Between September 2011 and May 2017 Dean published 173 posts about the use of virtual reality to provide rehab for stroke survivors.  The results for the hand are depressing.  For six years research focused on a subject’s ability to touch an object on the screen so the computer can move an object or make it disappear.  Enjoying these quick reactions is not enough to justify the cost of this expensive equipment.  It was a good place to start 6 years ago, but progress towards useful gains is disappointing.  Stroke survivors want to manipulate objects with their hand.

There is a glimmer of hope.  Gauthier (1) used video games that make stroke survivors do more than use their shoulder and elbow to reach forward and side to side.  These games require forearm and wrist motions.  This may not sound exciting but these motions orient our hand to the many different positions objects rest in.
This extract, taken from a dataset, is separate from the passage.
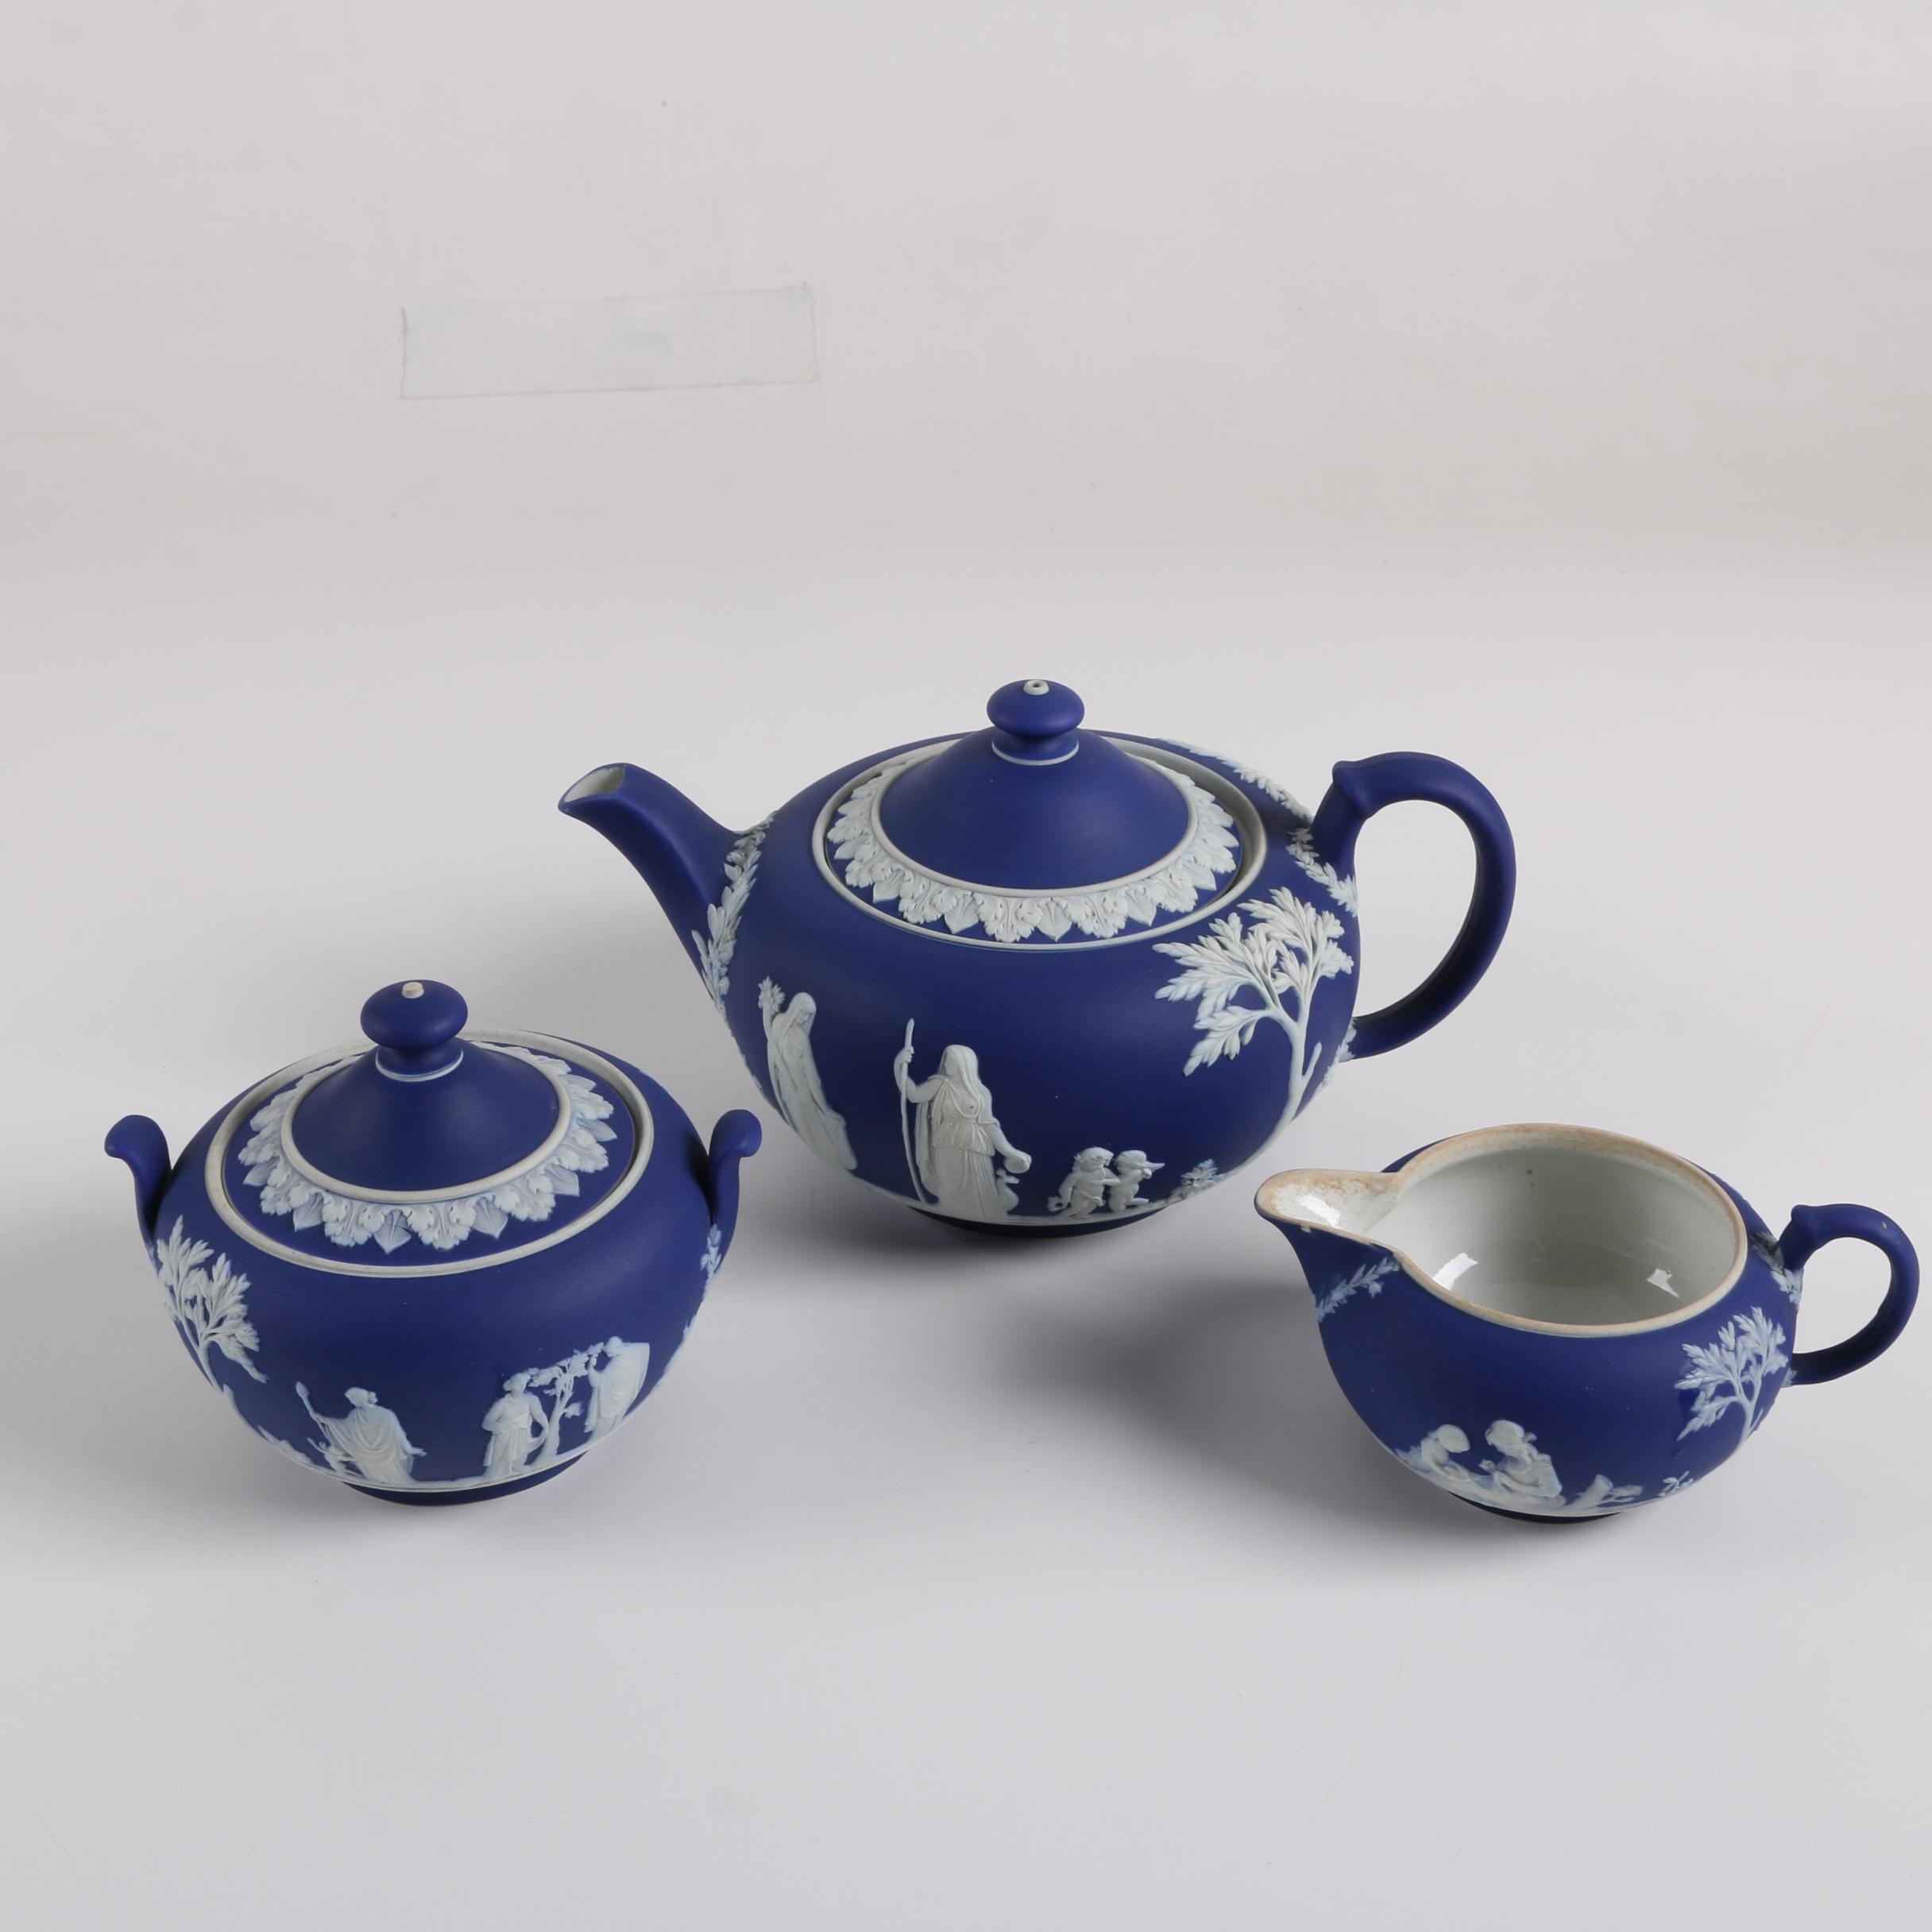 Vintage Wedgwood Cobalt Blue Jasperware Tea Serving Set

The photo shows the forearm is halfway between palm up and palm down so the hand can pick up a glass.  Cocking the wrist means the rim of the glass is not pointed at the ceiling but at the person’s mouth.

Unfortunately, Gauthier selected stroke survivors who already had a few degrees of active forearm and wrist movement.  How can subjects make the leap from just reaching to turning their hand palm up to catch a parachute on a video screen?  My OT gave me exercises that helped me regain forearm and wrist motions.  These small motions have made me more independent.  For example, I can turn my hand halfway between palm up and palm down to grab my cane so my sound hand can catch the door before the person in front of me lets it slam shut.  I picture stroke survivors practicing forearm and wrist motions and then immediately trying to turn their hand palm up so they can turn over a card on the computer screen. Fun + repetition is good.
1. Gauthier L, et al. Video game rehabilitation for outpatient stroke (VIGoROUS): protocol for a multi-center comparative effectiveness trial of in-home gamified constraint-induced movement therapy for rehabilitation of chronic upper extremity hemiparesis. BMC Neurology. 2017;17-109. doi:10.1186/s12883-017-0888-0.